**Task details**: Restate the data below word for word. Leave the images out.

**Data under study**:
☆ ☆ ☆
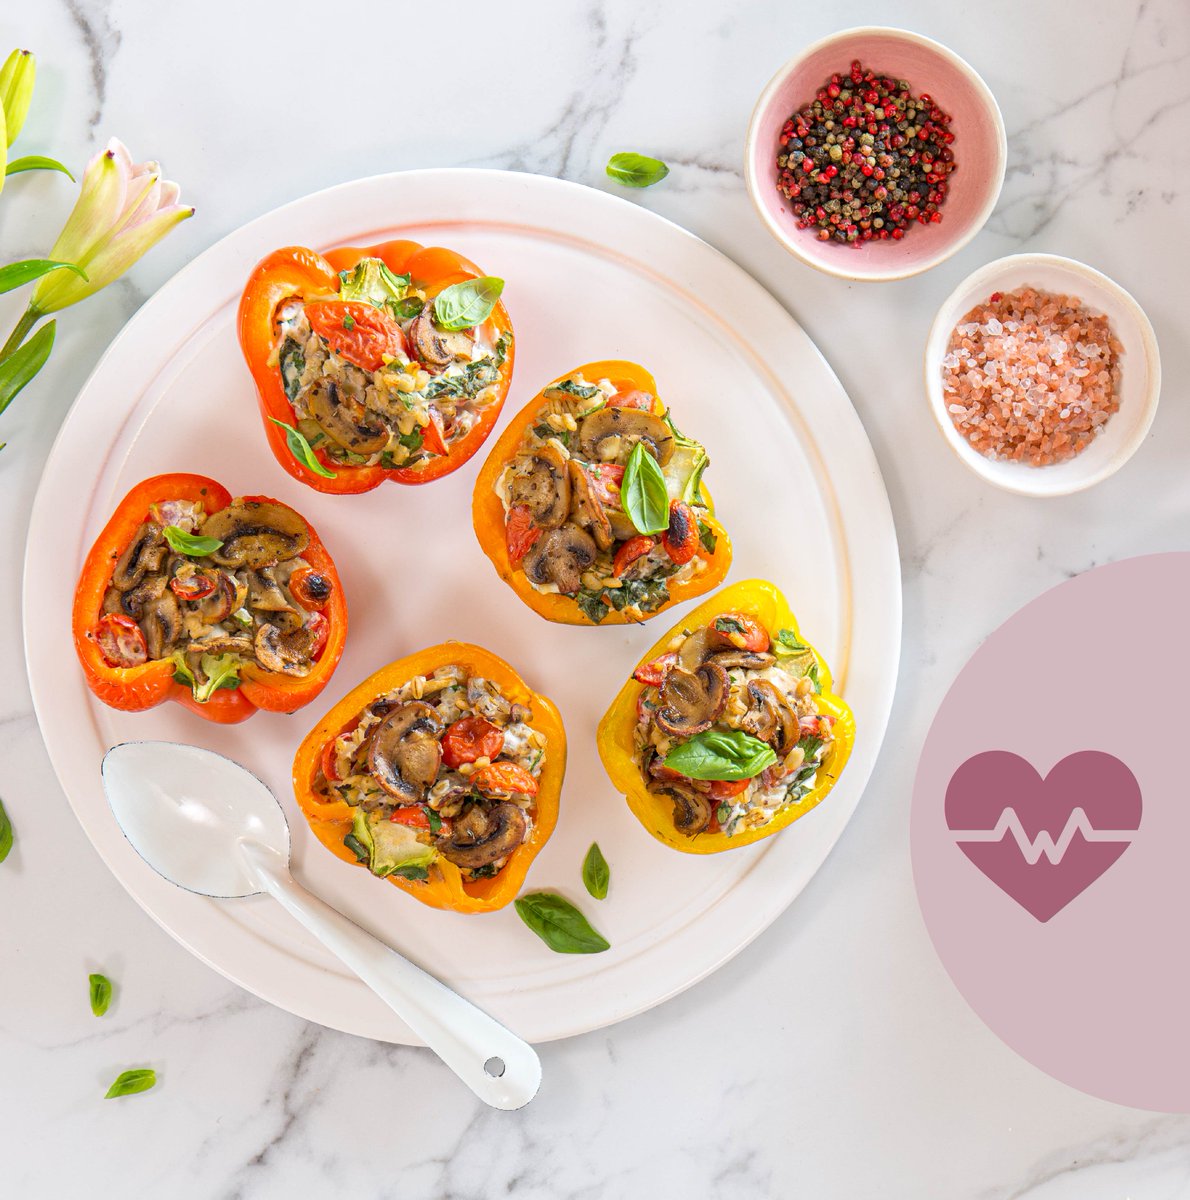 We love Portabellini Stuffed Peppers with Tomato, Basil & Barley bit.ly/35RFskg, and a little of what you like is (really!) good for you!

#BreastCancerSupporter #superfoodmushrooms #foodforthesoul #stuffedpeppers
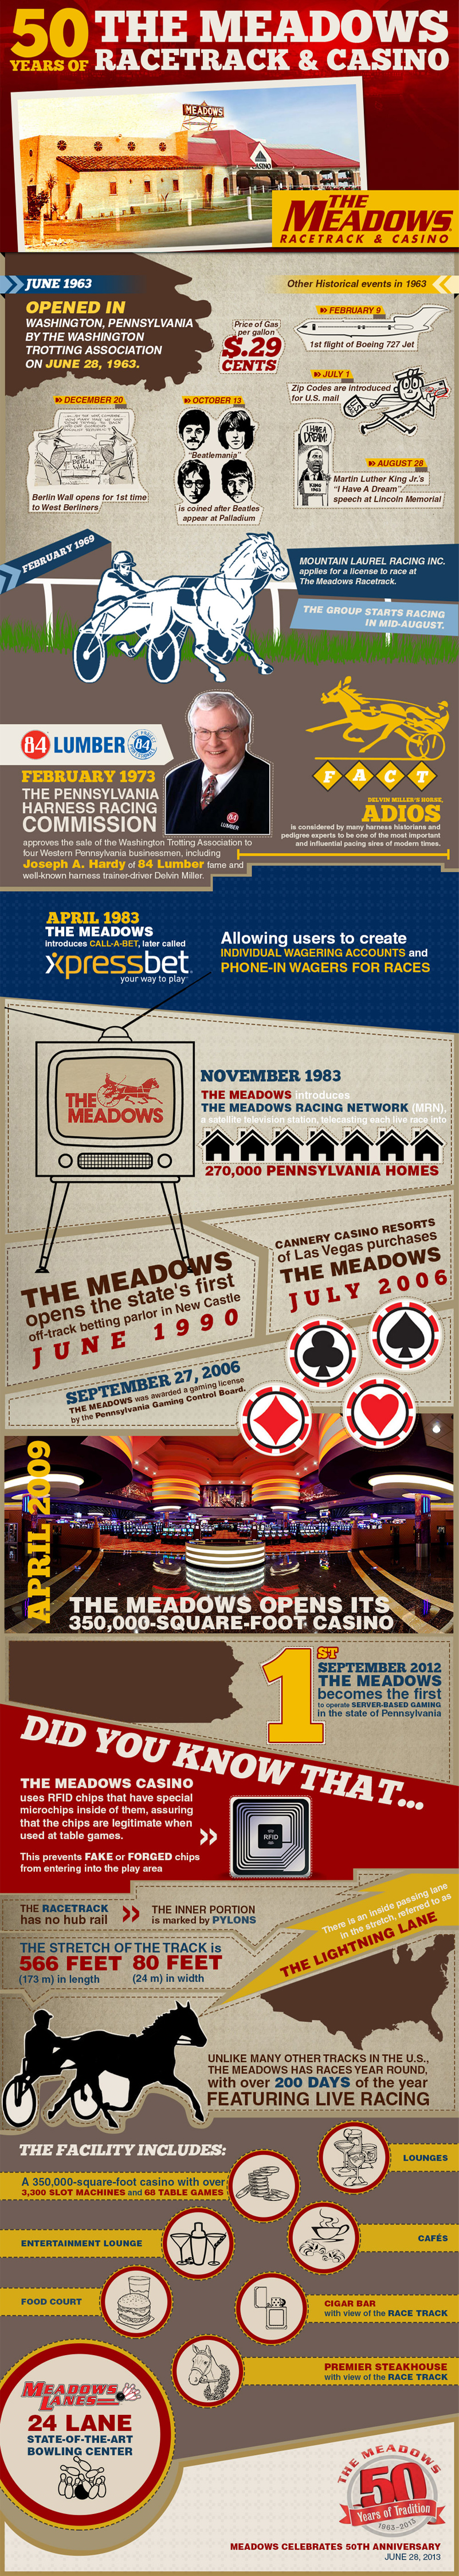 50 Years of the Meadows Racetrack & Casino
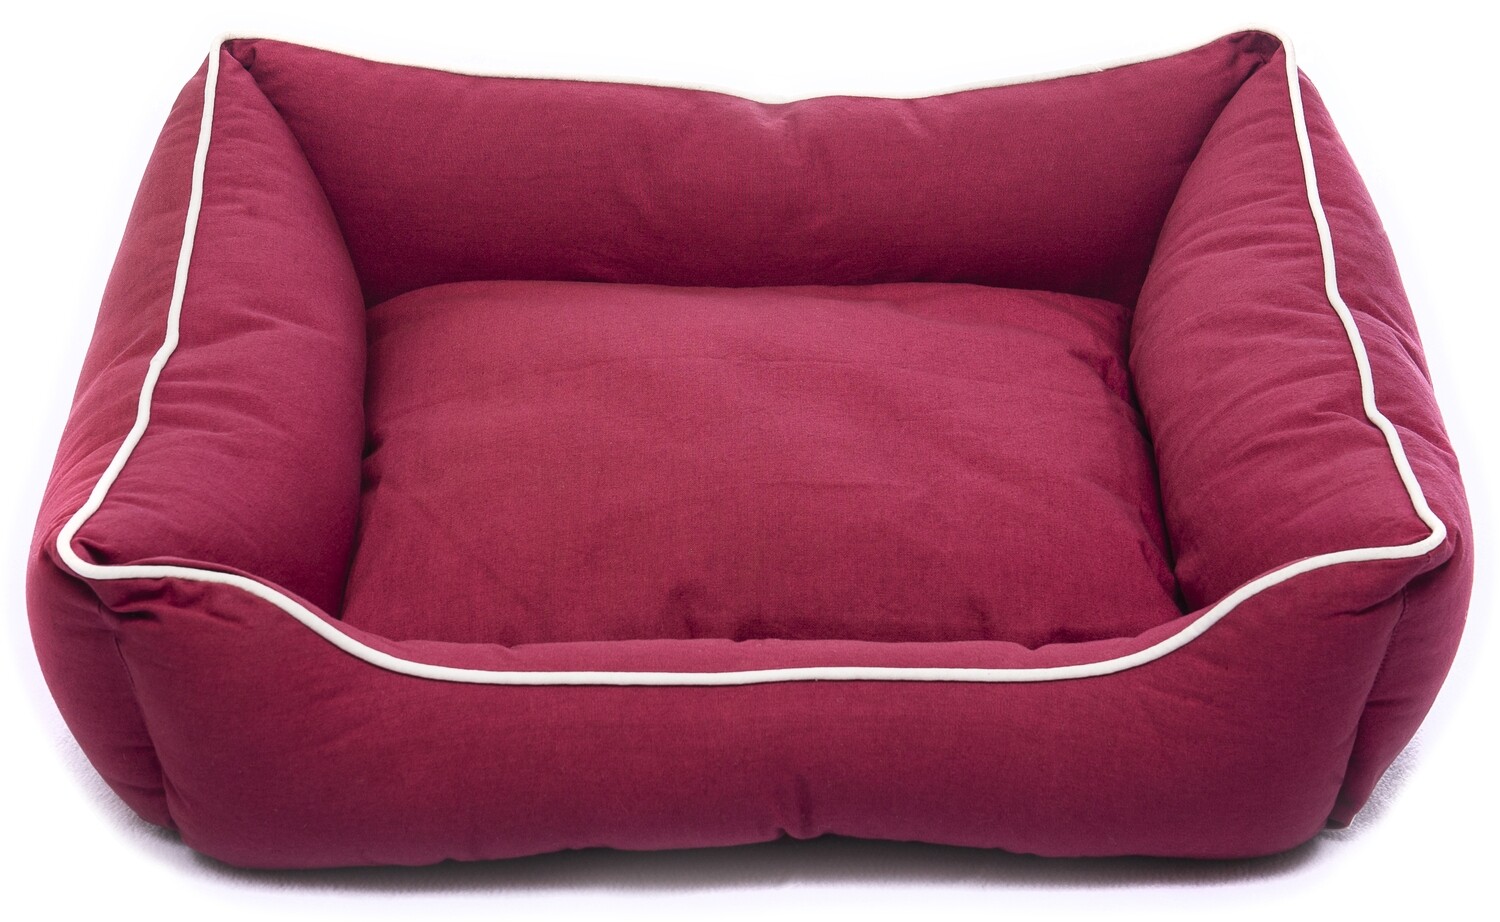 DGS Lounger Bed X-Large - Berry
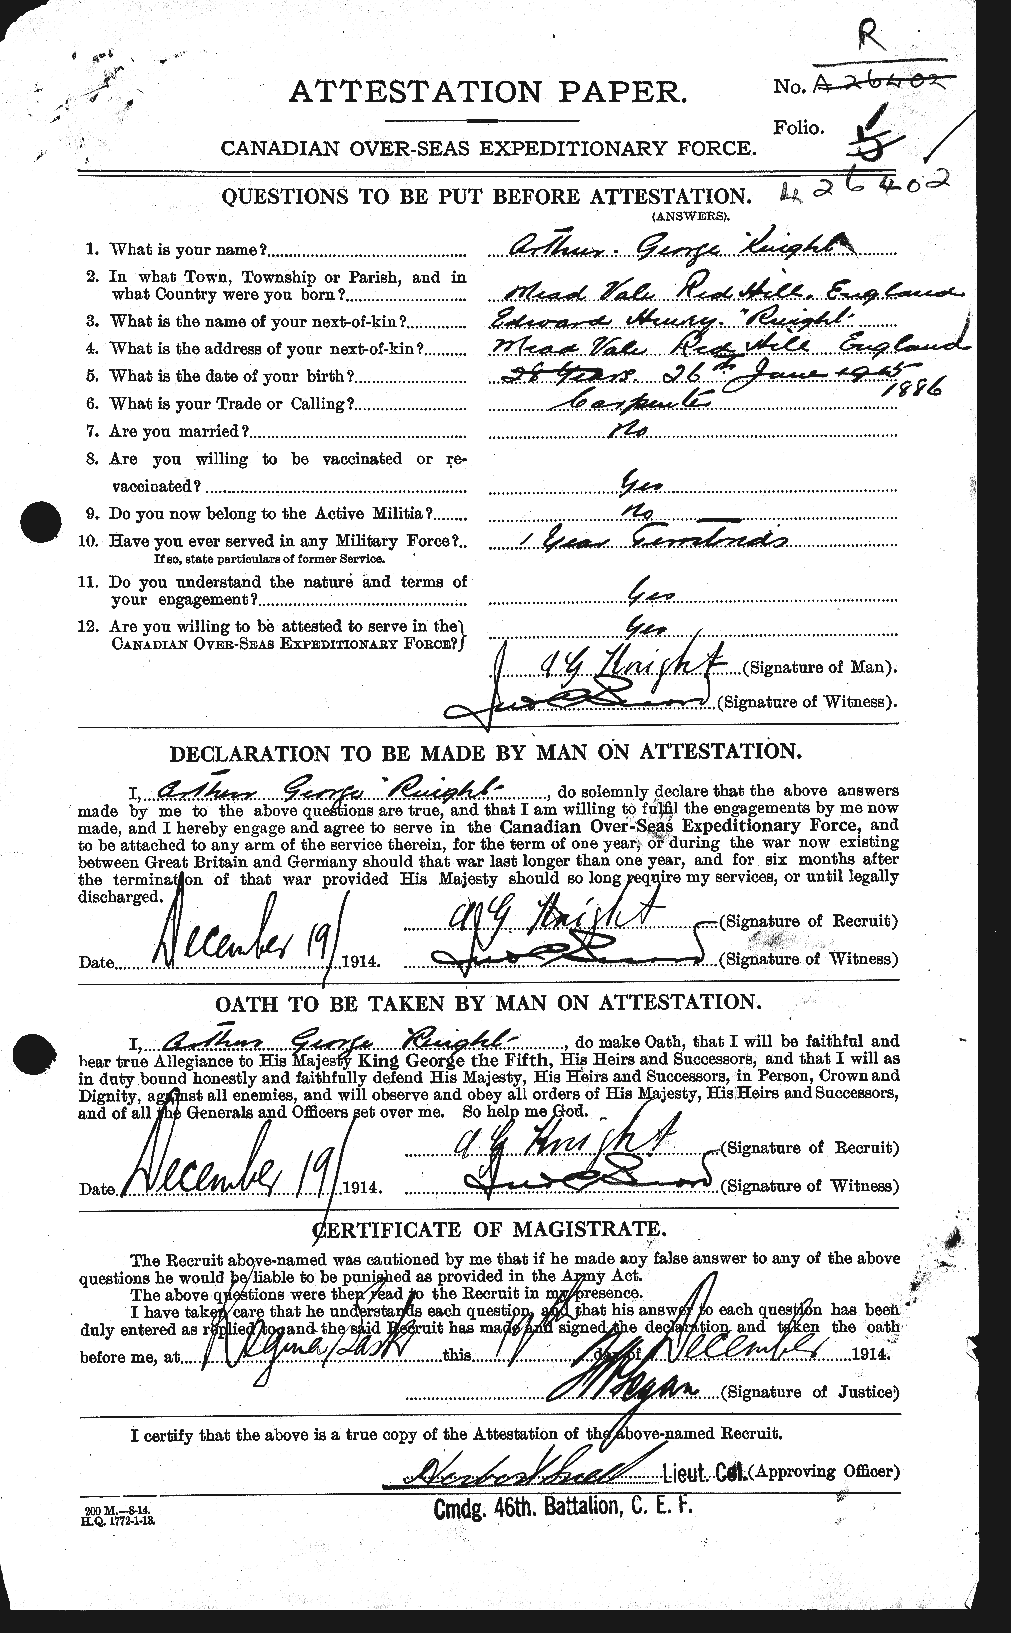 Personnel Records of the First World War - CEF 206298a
☆ ☆ ☆
**Solution below**:
 We love Portabellini Stuffed Peppers with Tomato, Basil & Barley bit.ly/35RFskg, and a little of what you like is (really!) good for you!

#BreastCancerSupporter #superfoodmushrooms #foodforthesoul #stuffedpeppers
 50 Years of the Meadows Racetrack & Casino
 DGS Lounger Bed X-Large - Berry
 Personnel Records of the First World War - CEF 206298a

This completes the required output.